The planner starts by reading you. It pulls your profile metrics (FTP, max HR, best 5K, CSS, weight, and more), your recent training history, and your upcoming races into an athlete brief. This is the raw material everything else is built from, which is why a complete athlete profile leads to a better plan.

2. Macro periodization

Next it lays out the big picture: Base, Build, Peak, and Taper phases, with weekly load targets aligned to your A-race. This sets the overall shape and intensity of the block so each week builds toward your goal. See Training phases for what each phase means.

3. Session building

The planner then fills your near-term days with fully structured workouts — intervals, targets, and durations — kept within each week's load budget. These are the detailed sessions you will actually do in the coming days.

4. Forecasting

Days further out are sketched as outline sessions: sport plus intent, without detailed structure yet.
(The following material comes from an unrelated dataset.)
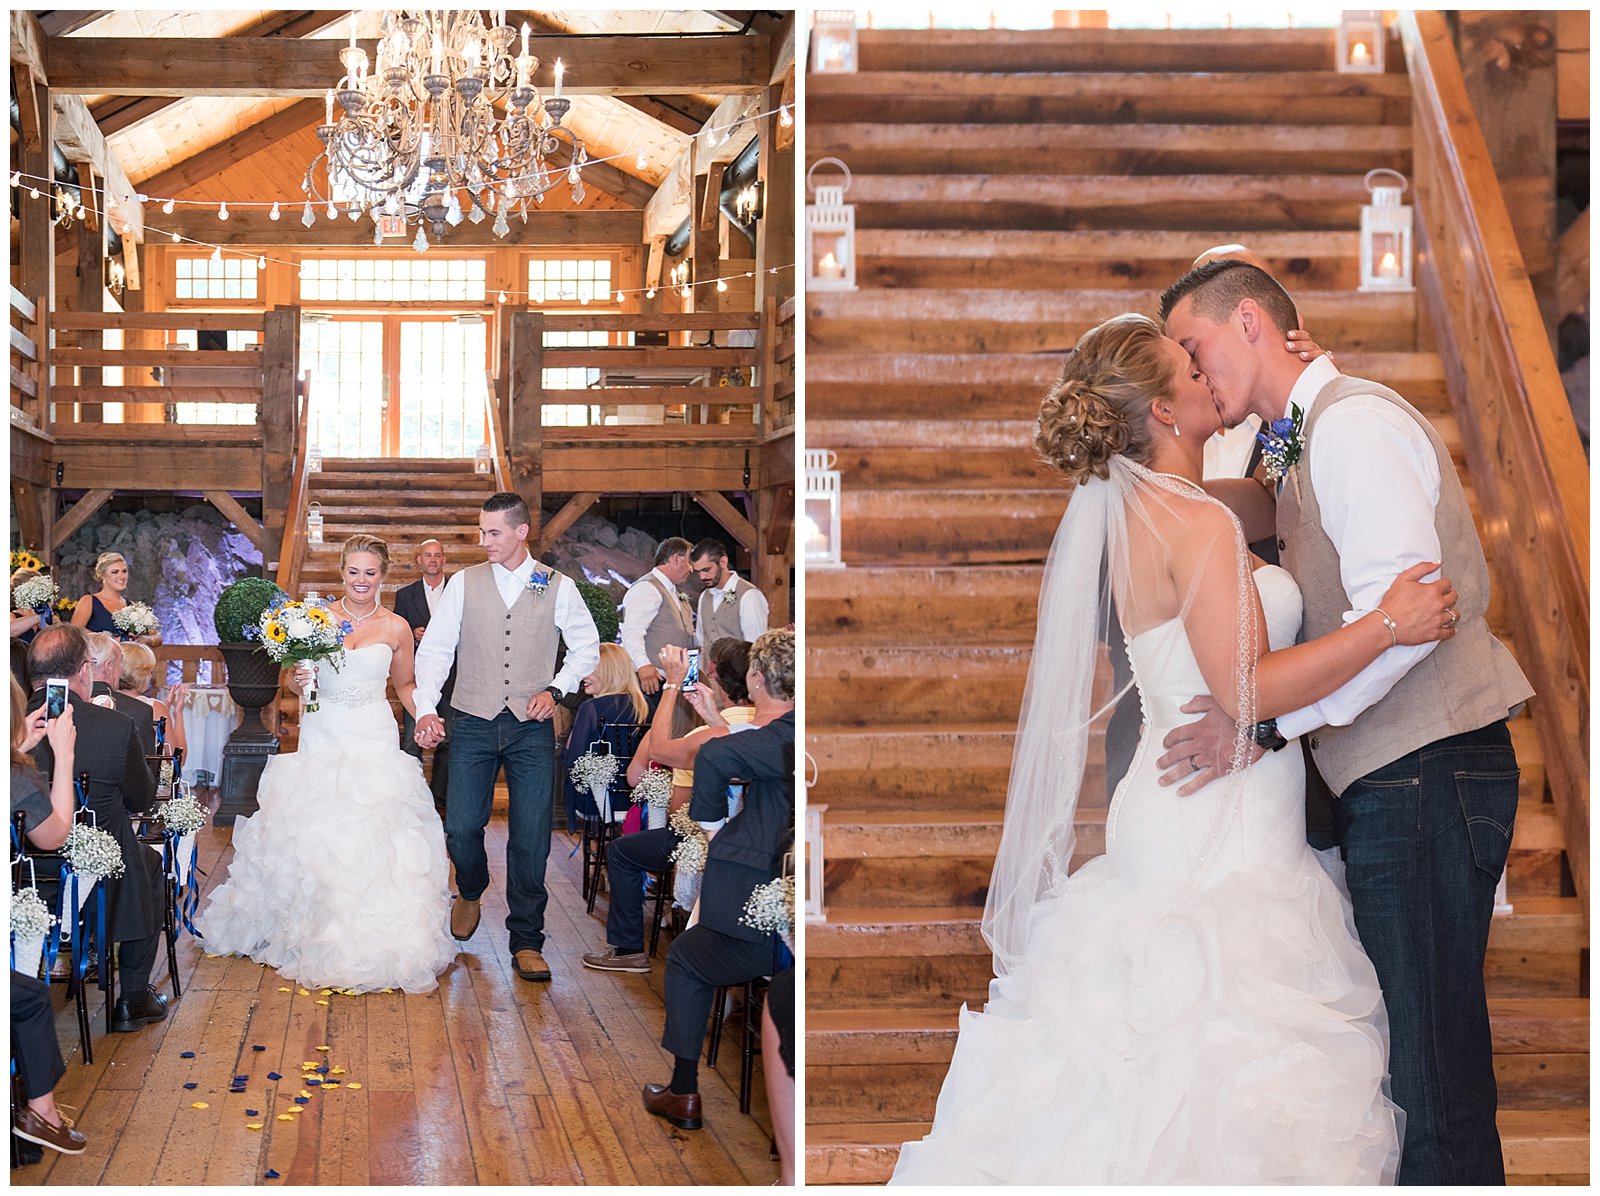 A beautiful barn wedding ceremony at the red lion inn

This gives you a sense of what is coming without locking in details that may change. How far the detailed and forecast windows reach depends on your tier, covered in Plan horizons.

5. Review

Before saving, the plan is checked against safety and quality rules: a sensible week-to-week ramp, the right session frequency, and a proper taper into your race. This catches plans that ramp too fast or skip recovery.

6. Commit

Finally the planner writes the plan to your calendar and mirrors rideable bike and run sessions into Shift, so planned workouts can be ridden in the virtual world.

After it is built

A plan is a living thing. When life happens, the coach can revise it intelligently rather than starting over, making the smallest sensible change. See Adapting your plan for how that works.